Puget Sound also has a wide array of marine mammals. Where 18 states and one Canadian province are spending millions of dollars restoring river otter (Lontra canadensis) populations, we have a thriving river otter population that forages in the marine waters and 9-10 times a day brings marine derived nutrients onto the land via latrine sites and marking. While numbers are plummeting in parts of Alaska, Puget Sound’s has a harbor seal (Phoca vitulina) population that’s been at carrying capacity for a decade, and in the county where I live, we have 1 seal for every 3 people.

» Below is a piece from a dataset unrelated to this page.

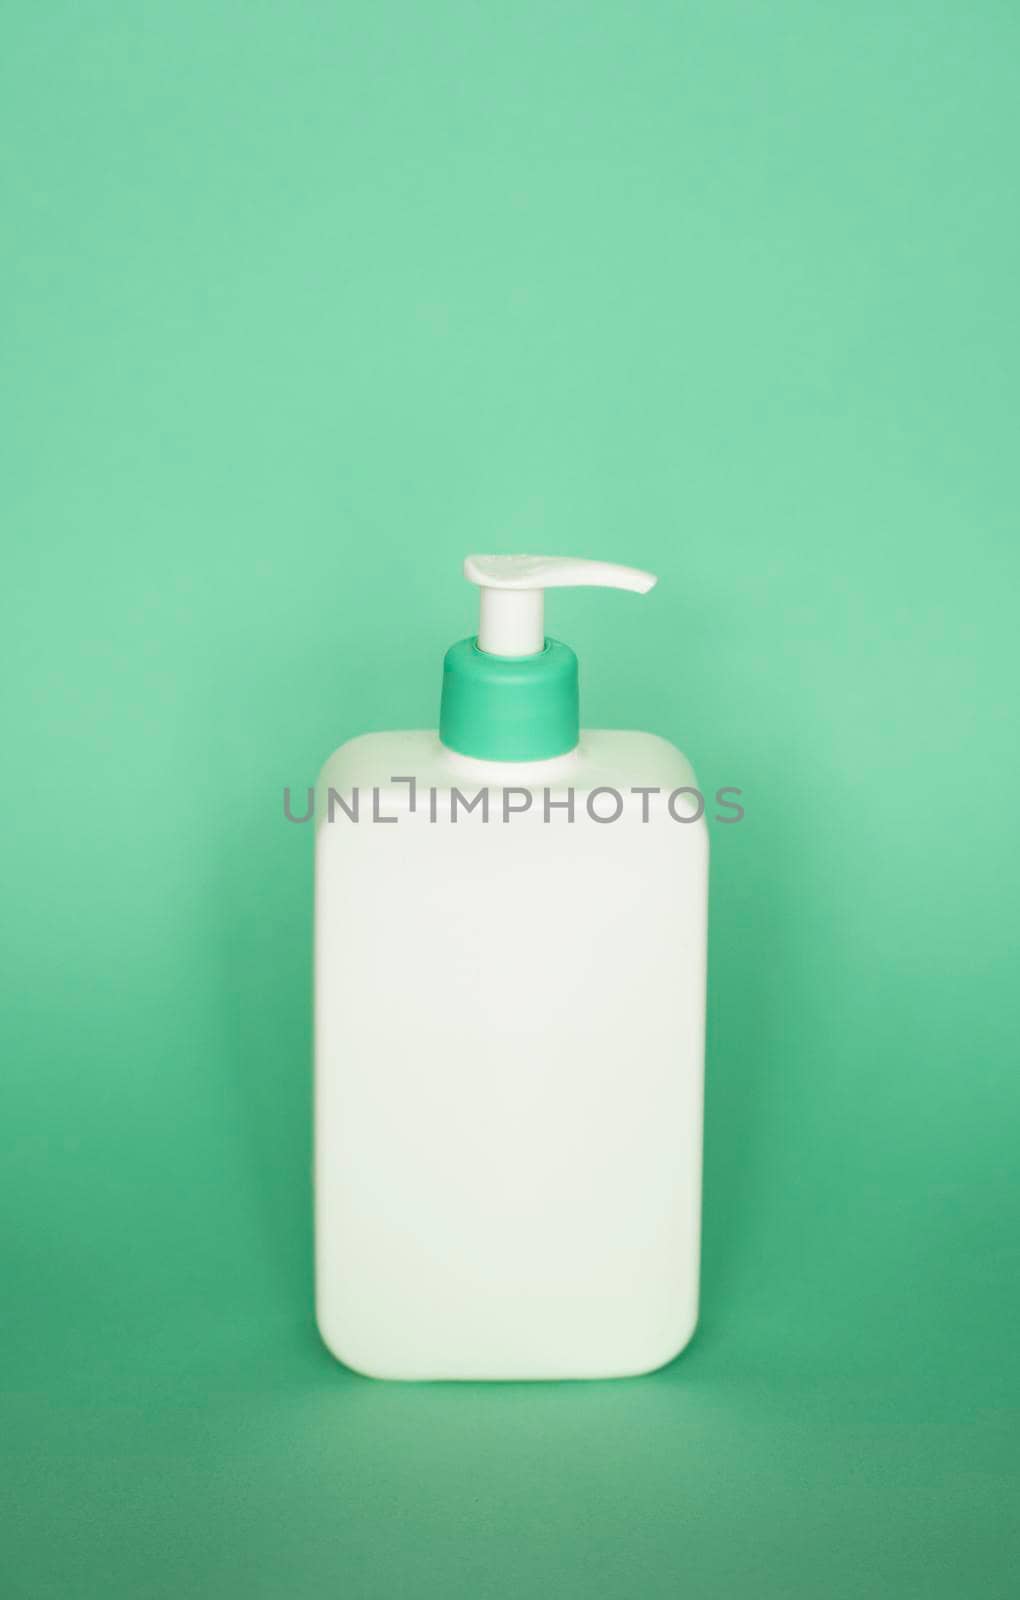 White plastic soap dispenser pump bottle isolated on green background. Skin care lotion. Bathing essential product. Shampoo bottle. Bath and body lotion. Fine liquid hand wash. Bathroom accessories. by vovsht

We are a major wintering site for both Steller (Eumetopias jubatus) and California sea lions (Zalophus californianus). Elephant seals (Mirounga angustirostris) are moving into the area as their population expands and we are a major stopping off site for grey whales (Eschrichtius robustus) that migrate from the Bering Sea to Baja and back. Humpback whales (Megaptera novaeangliae) that once were extirpated are now returning and of course, we have the flagship Southern Resident killer whales (Orcinus orca) as well as 2 other ecotypes of killer whales. Transient killer whales that prey on marine mammals and offshore killer whales; which are probably most closely related to the Southern Residents and are likely fish eaters too.
Puget Sound is unique and it ranks not only as a national treasure, but as one of the world’s treasures. I want to leave you with three ideas to keep in mind about Puget Sound: because of our unique geology and oceanography we are highly productive, biologically diverse, and unique in the US and the world. Puget Sound needs to be saved and the lessons learned and tools used here will benefit other coastal ecosystems around the world. I thank you for taking an interest in this region.